As case complexity increases outsourcing (arguably) enables law firms
to improve efficiencies, decrease costs, and utilize specialized skills
that may not be available with smaller cases. On the other hand, firms
lose the craftsmen's control exercised on smaller, less complex matters.
To maintain control of these complex, often partially outsourced cases,
measures need be taken to allow suppliers and consumers of legal services
to measure the quality of their work. This enables firms to maximize outsourcing
efficiencies while maintaining the level of excellence that clients expect.
To this end, I am presenting one simple, tested method for determining
quality, available to both the managing attorney and the supplier of legal
work. It produces a fact-based, reproducible measurement used to determine
whether the outsourced product meets the given standard of excellence
or whether the firm is dealing with a substandard product that needs to
Before we start, I would like to address attitude and the desire to excel.
I doubt there is a provider of legal data who knowingly produces anything
less than perfect workmanship. Yet in this world of imperfection, we know
errors are inevitable. We know that humans fall asleep, that machines
misread text. Because of inevitable errors, practical quality measurement
techniques need to be taken by the legal professional to understand the
true quality of the work they produce and use.
There are a number of ways to do this wrong, all generally listed under
the category of Quality Control, or "QC" as it is generally
known. Under this banner, well-intentioned firms advocate and implement
expensive, inadequate, and occasionally frivolous document inspections,
data checks and overall hand wringing that achieve no defensible objective.
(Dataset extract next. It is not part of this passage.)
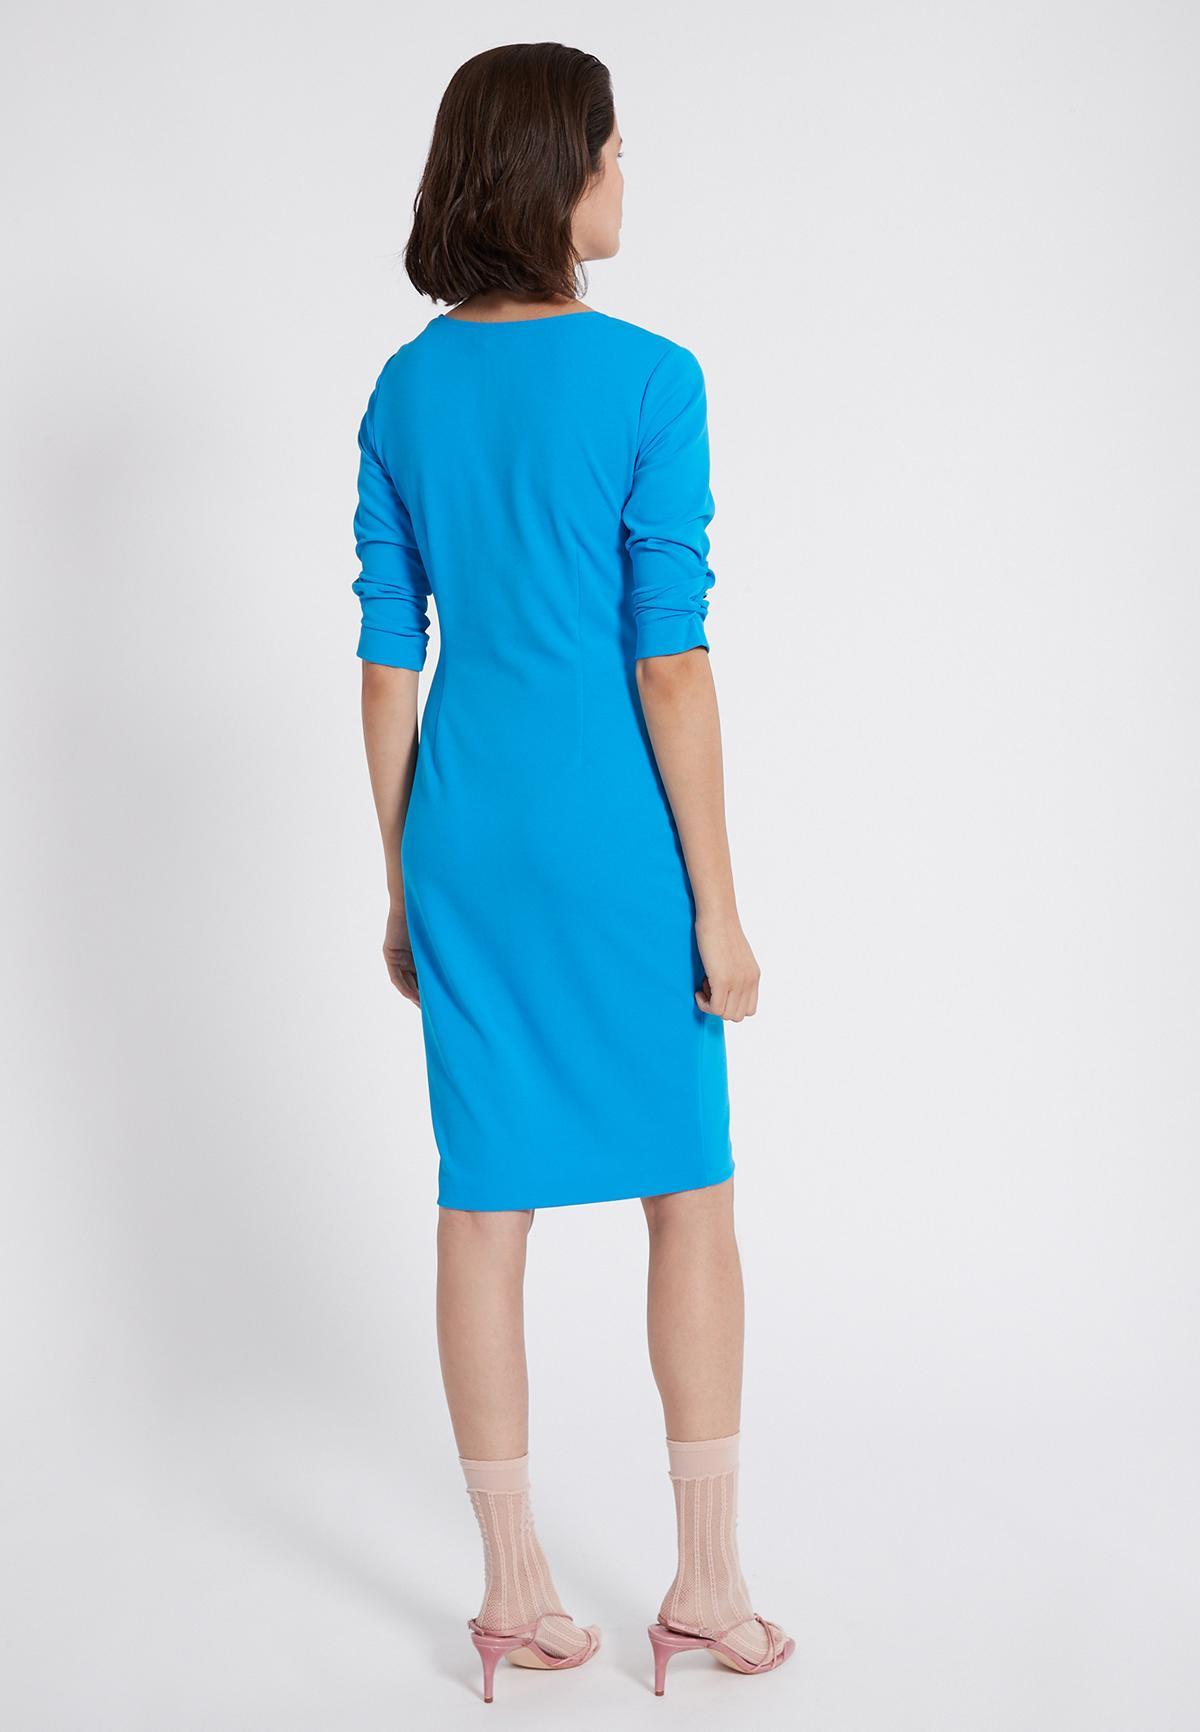 Rückansicht von Ana Alcazar Knotenkleid Savea Blau  angezogen an Model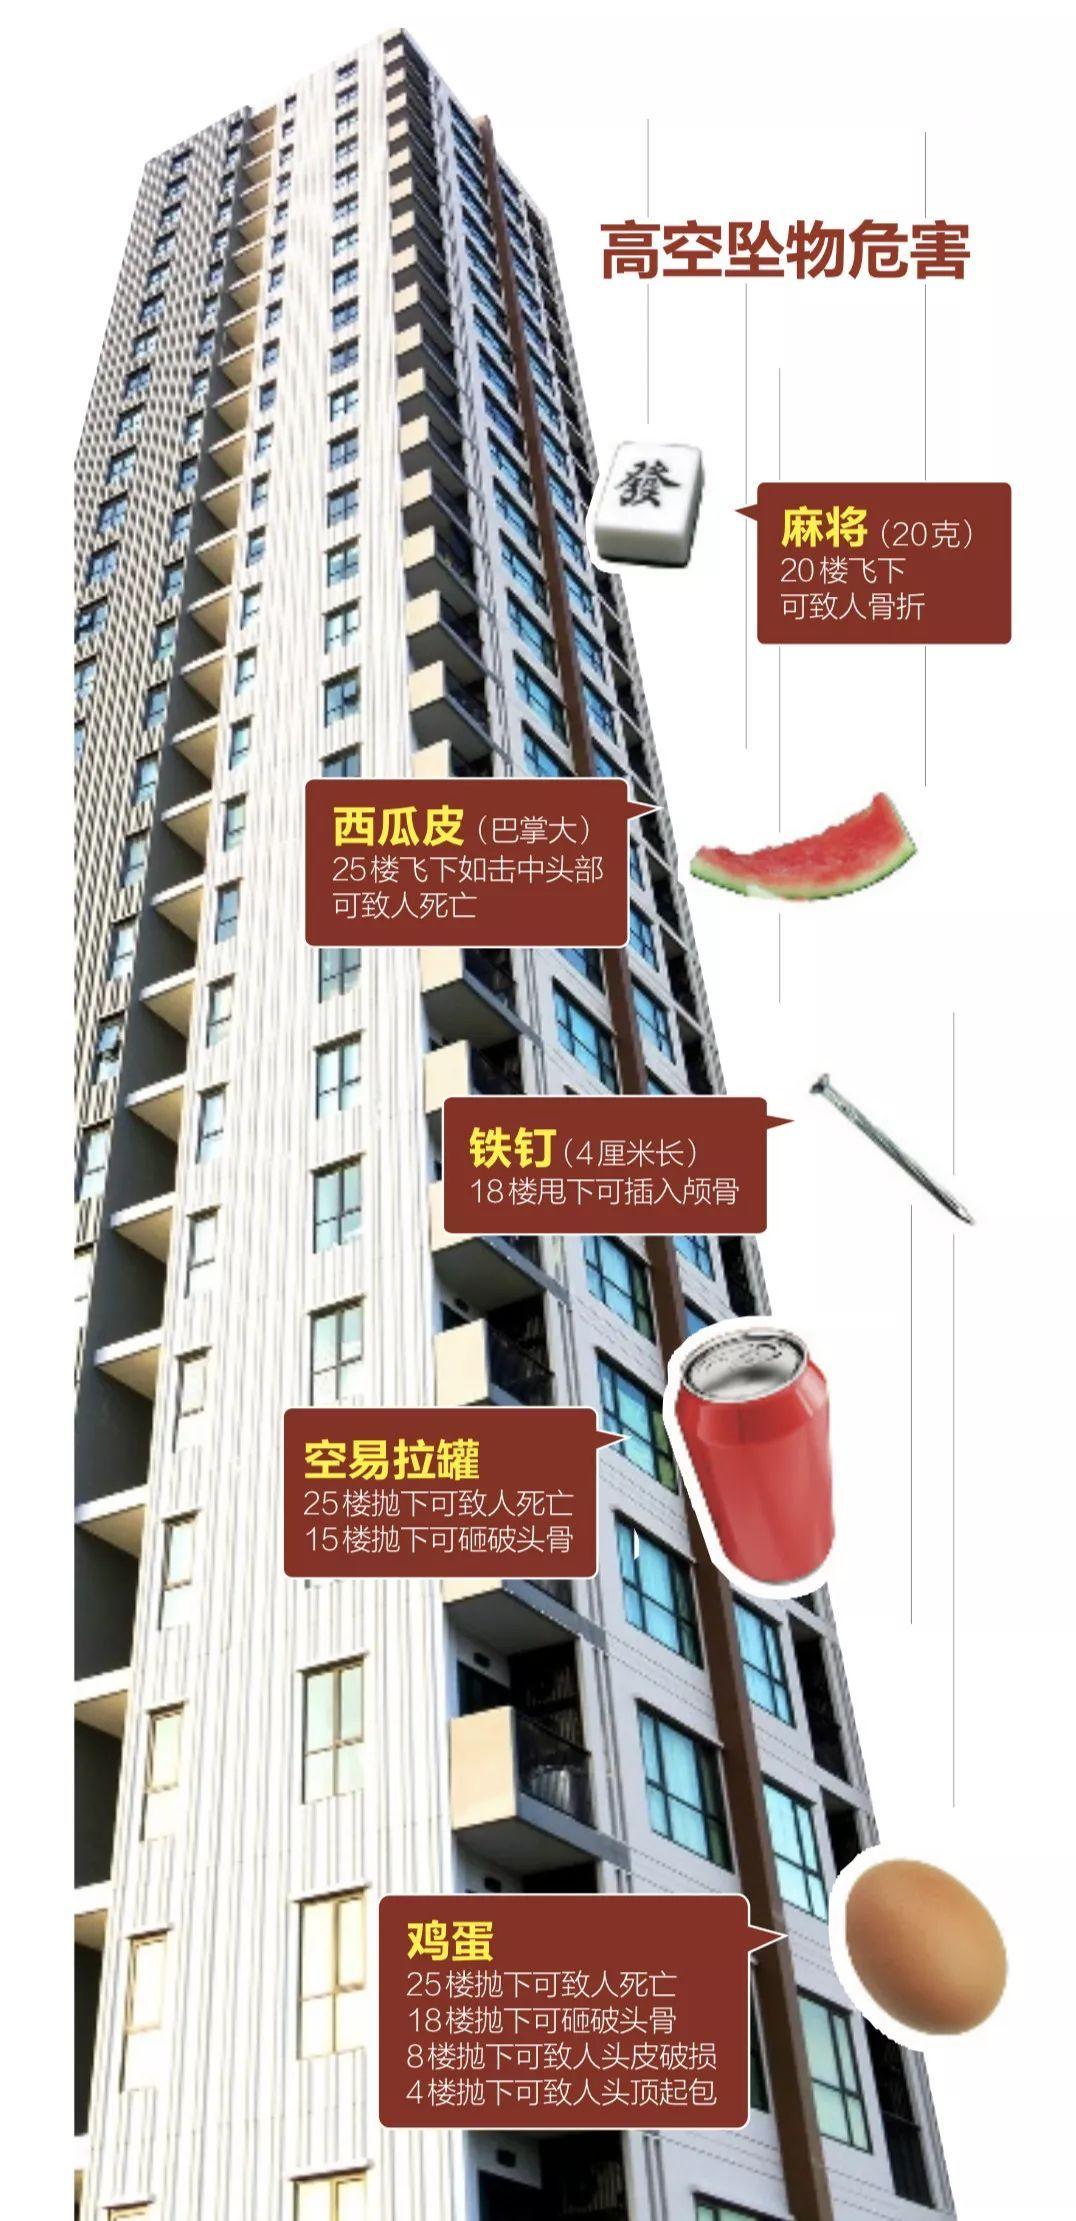 上海经济侦查大队_上海家庭私人司机_上海私人侦查

One very common method of nonproductive QC is to check "a bunch"
of the work to make sure it is right. Worse is the firm who employs a
specialized person to check all or some of the work, all the while having
no proscribed technique to determine what to inspect, how much to inspect,
and how to determine whether to accept or reject the work in front of
them. In both cases time, effort and money flow freely down a drain, while
no value is added to the product and no meaningful work is done.
Having taken this shot at my well-intentioned colleagues, it is time
to describe a system that data providers and consumers can use to prove
that they have produced the high quality work promised. Additionally where
conflict arises, it can be used to defend or refute work quality either
in court or at the bargaining table. Having promised to deliver, let me
introduce - or perhaps reintroduce - the legal industry to one of oldest,
simplest methods to measure work quality, namely MIL-STD-105.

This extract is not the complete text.